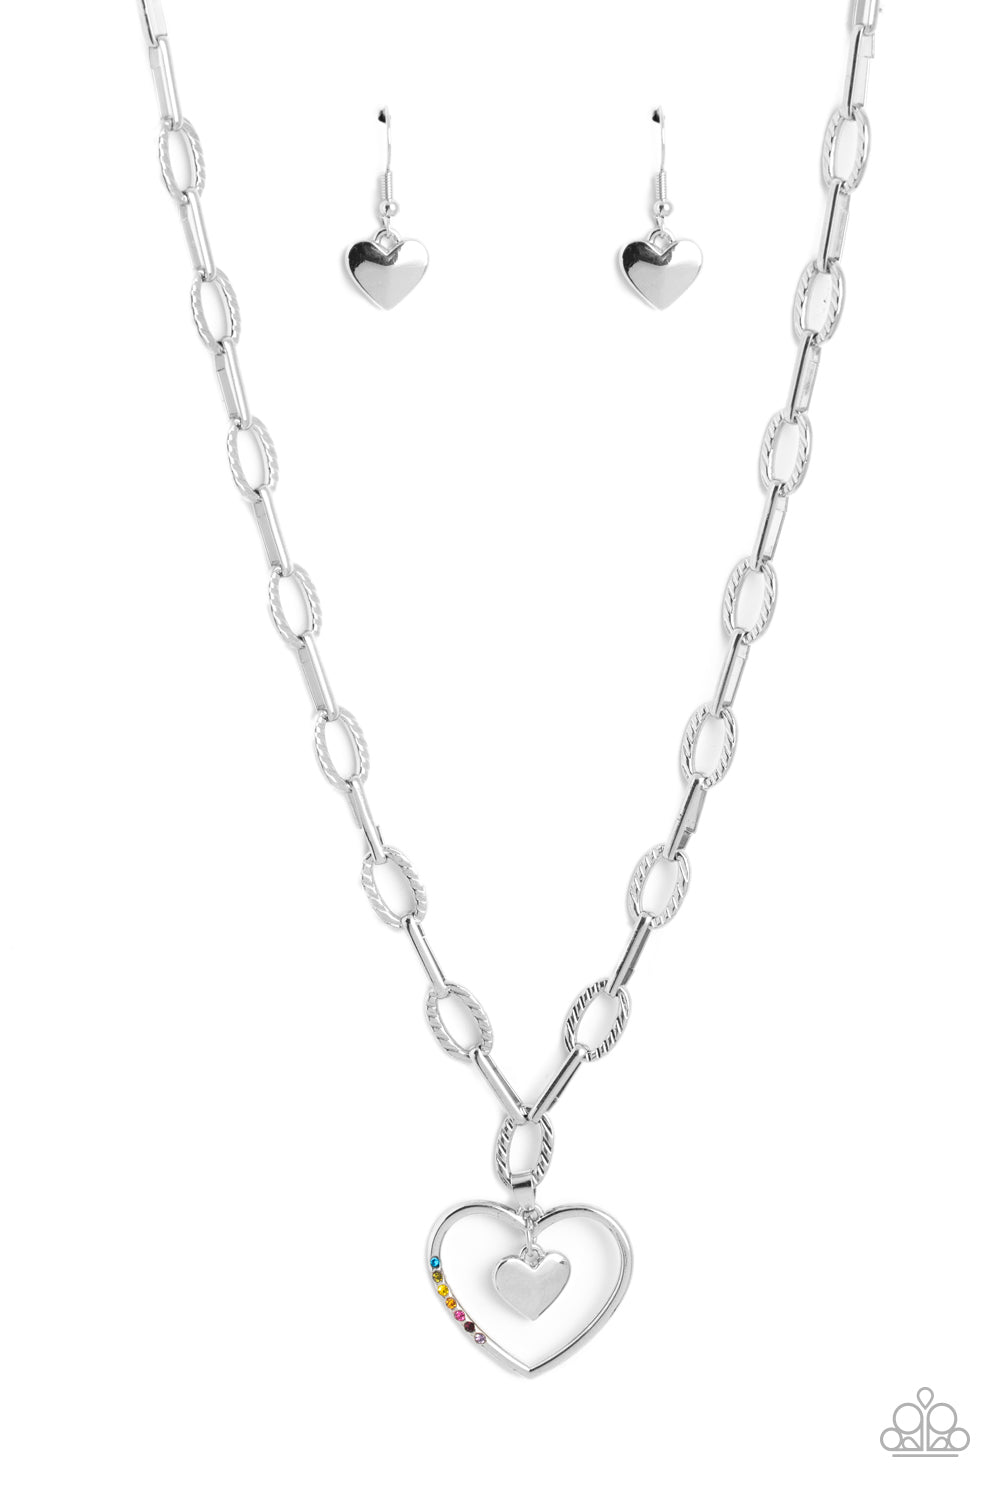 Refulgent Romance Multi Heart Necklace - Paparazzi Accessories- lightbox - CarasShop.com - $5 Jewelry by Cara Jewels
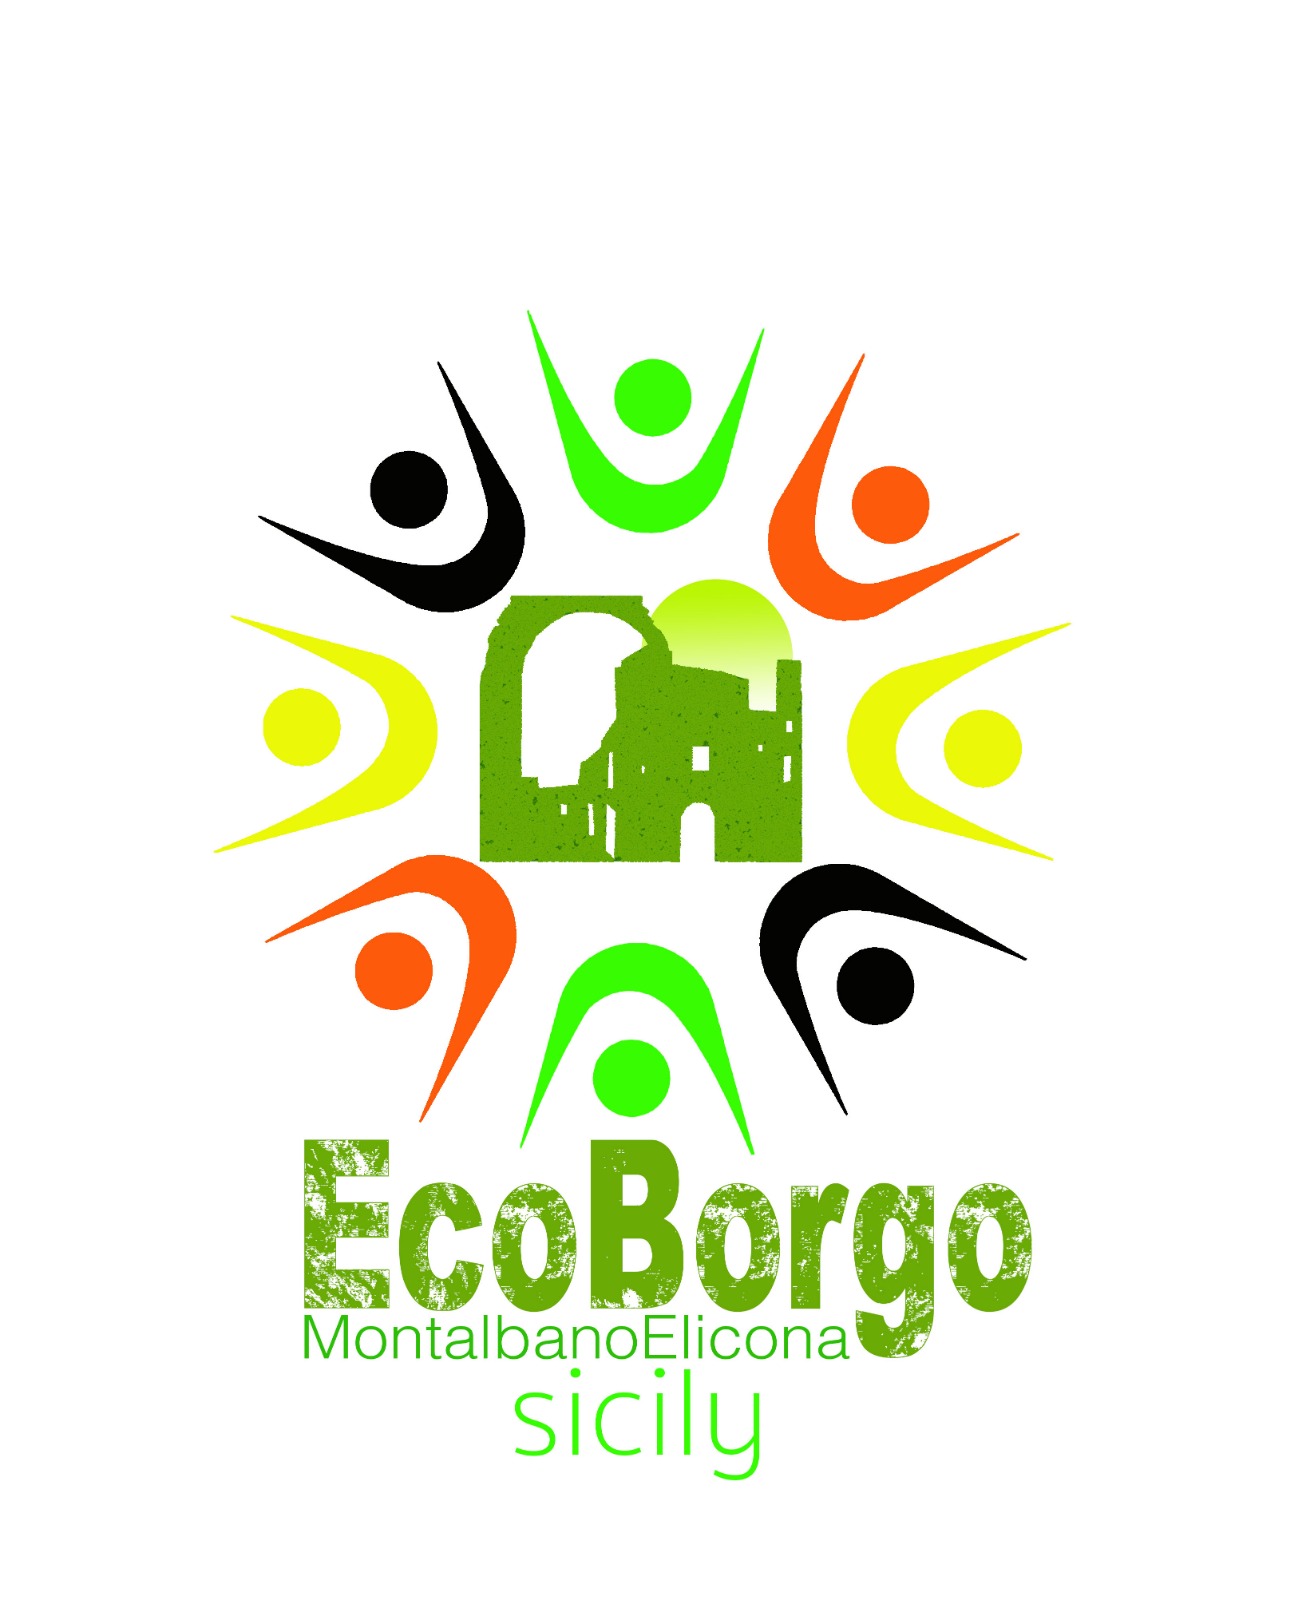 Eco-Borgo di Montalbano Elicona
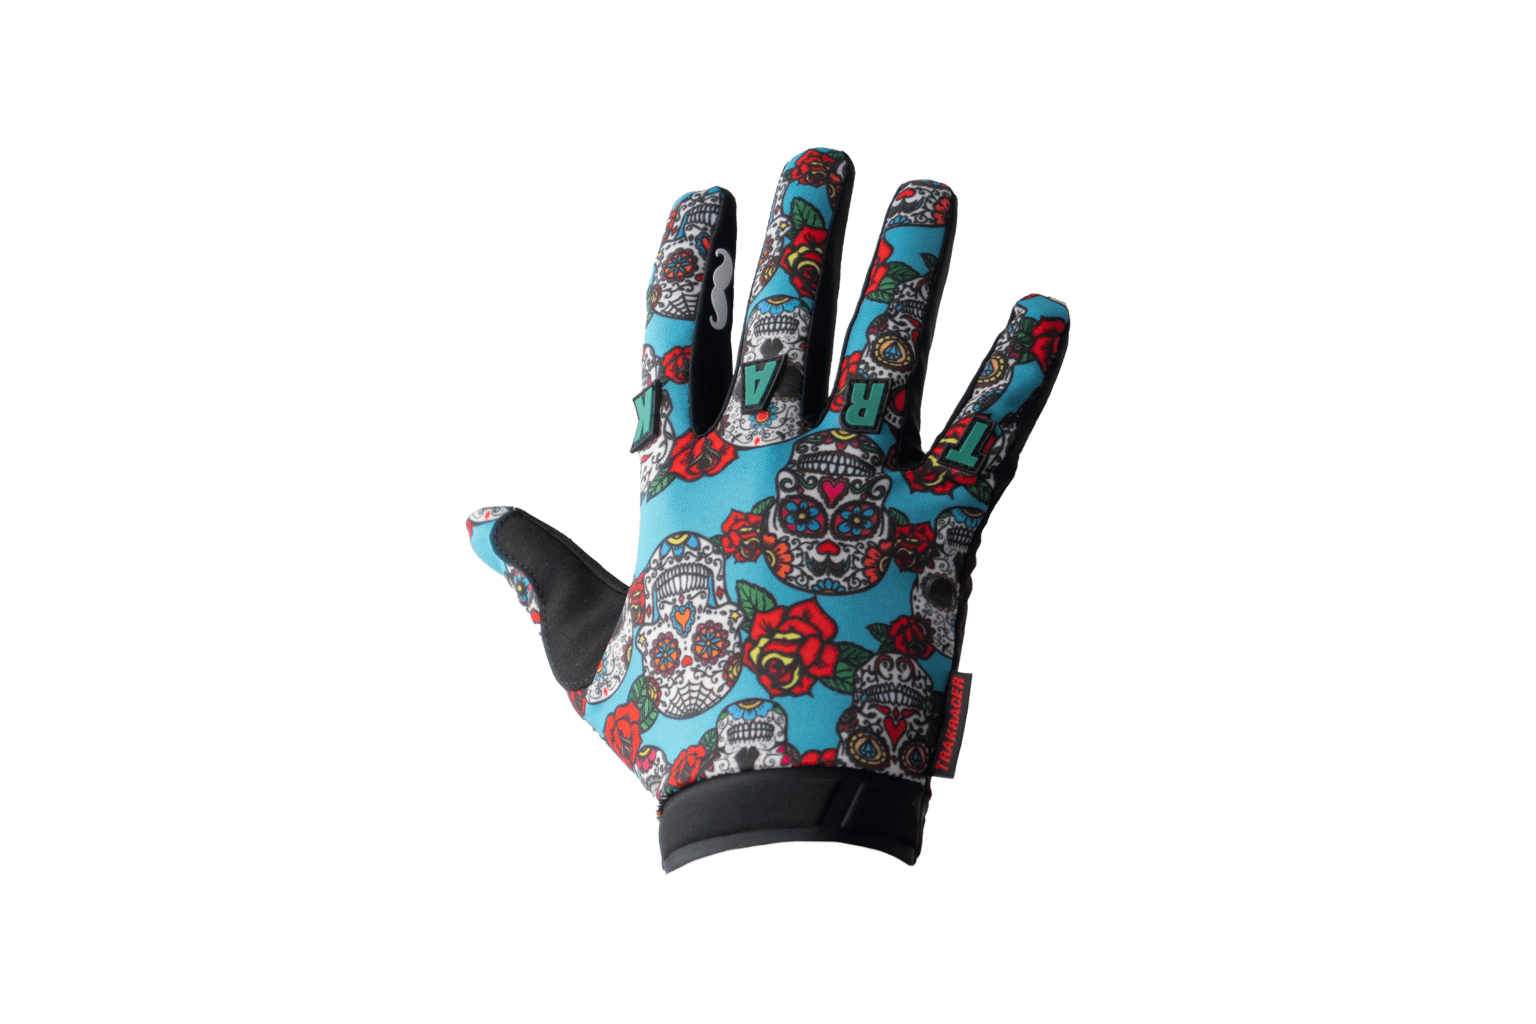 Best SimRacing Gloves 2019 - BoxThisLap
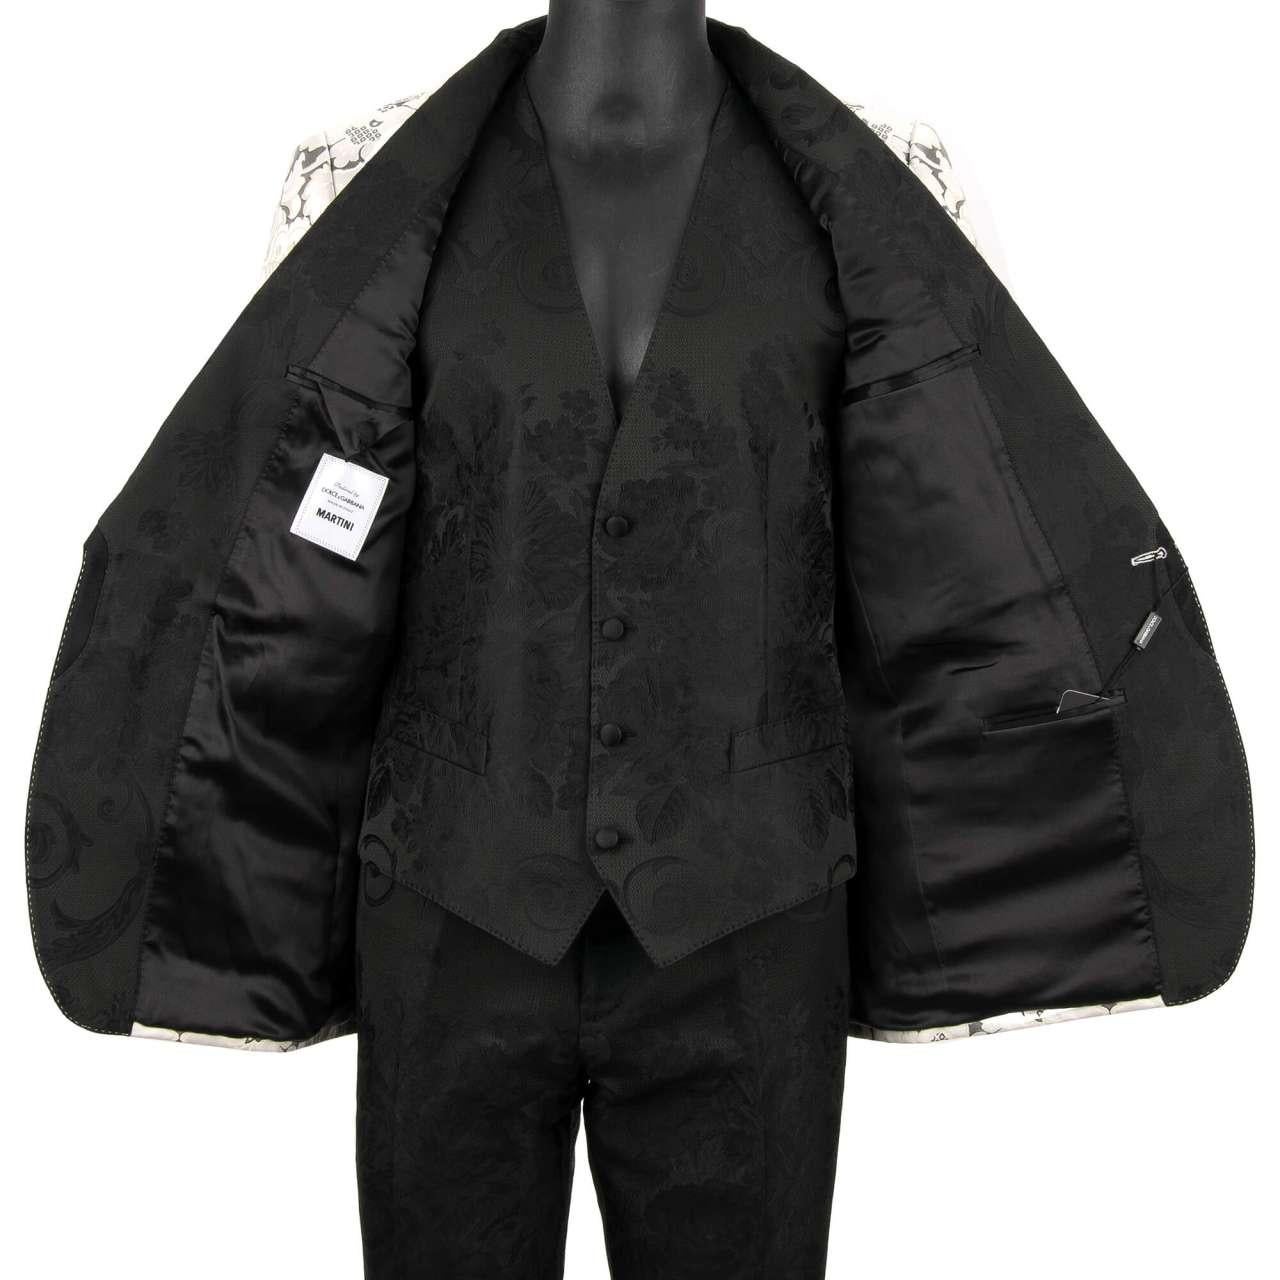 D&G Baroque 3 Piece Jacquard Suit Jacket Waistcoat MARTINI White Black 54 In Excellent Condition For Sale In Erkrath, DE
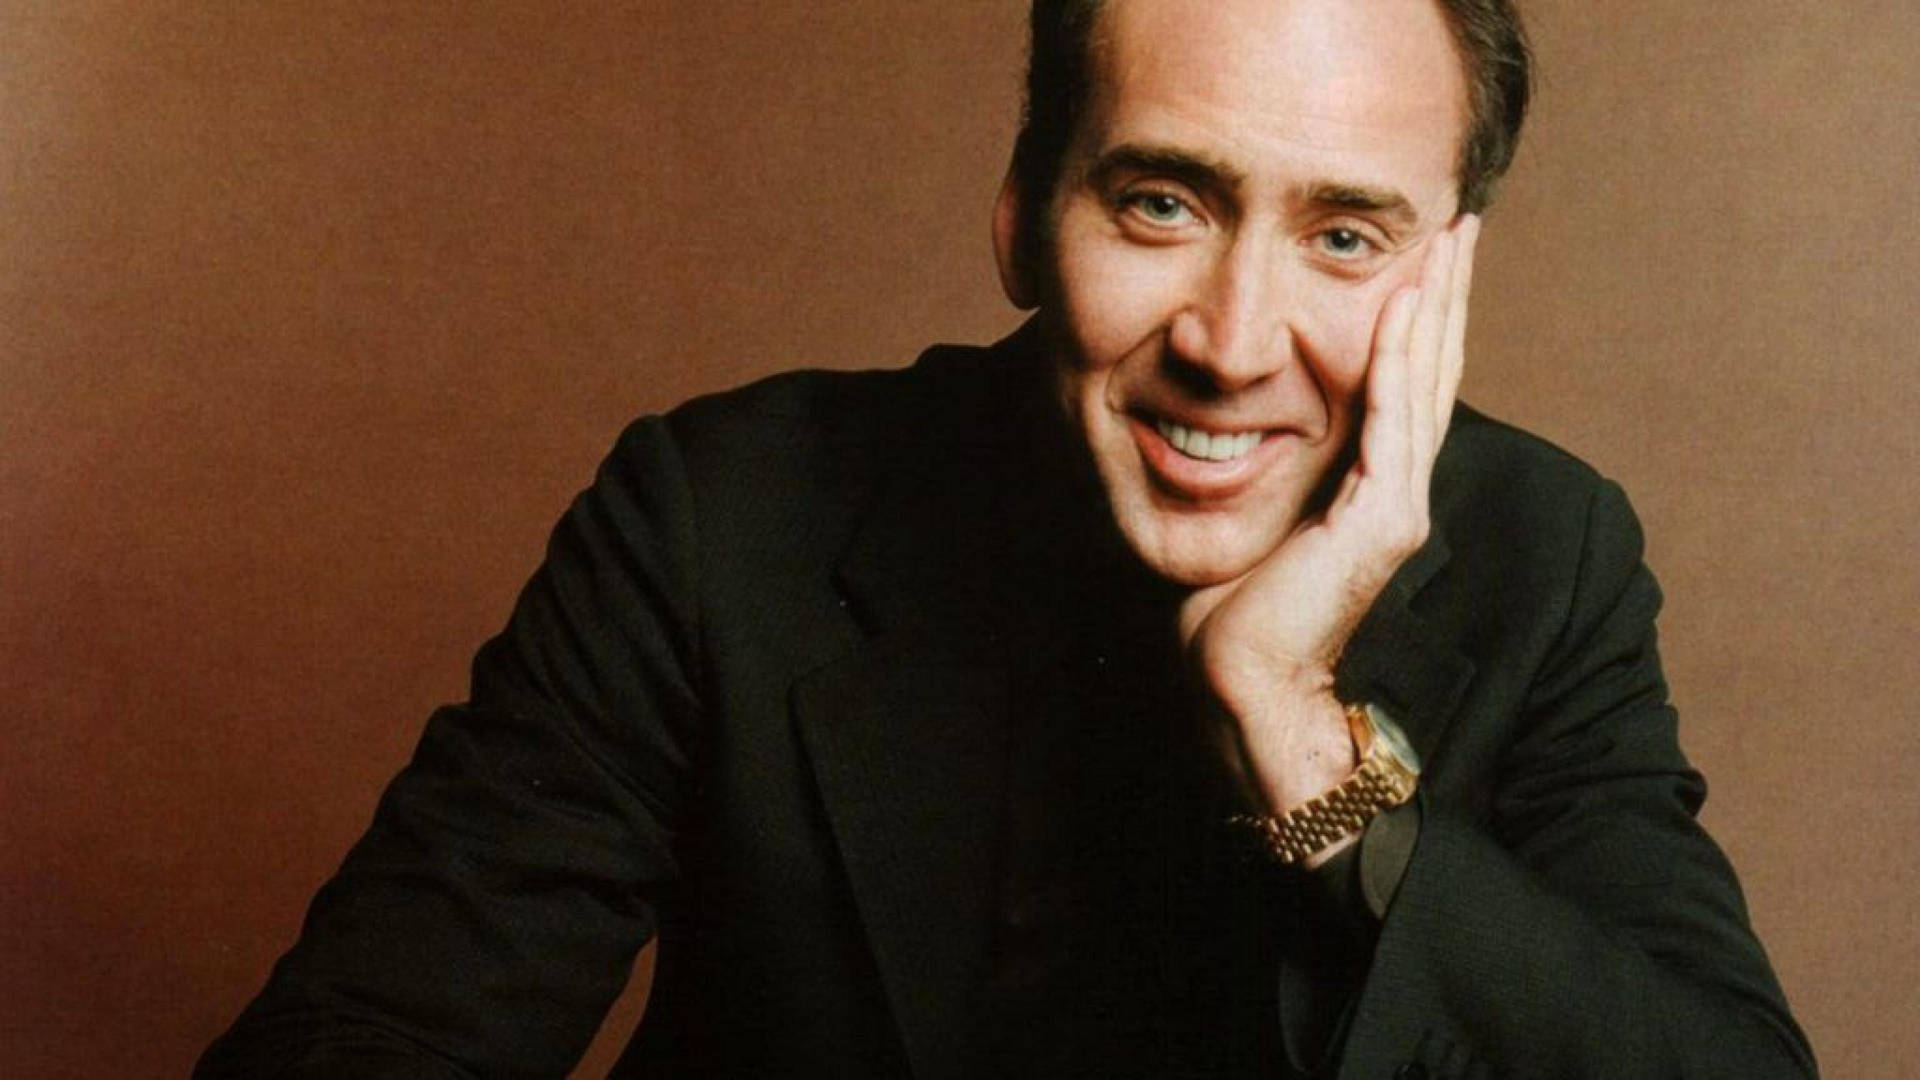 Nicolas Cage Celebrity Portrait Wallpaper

- _WHAT NEEDS TO BE DONE_
Only the lines from the one containing "D&G Baroque 3" through the last line of the entries, both included, should be repeated exactly, and the pictures should be left out.

- _WRITTEN SOLUTION_
 D&G Baroque 3 Piece Jacquard Suit Jacket Waistcoat MARTINI White Black 54 In Excellent Condition For Sale In Erkrath, DE
 Nicolas Cage Celebrity Portrait Wallpaper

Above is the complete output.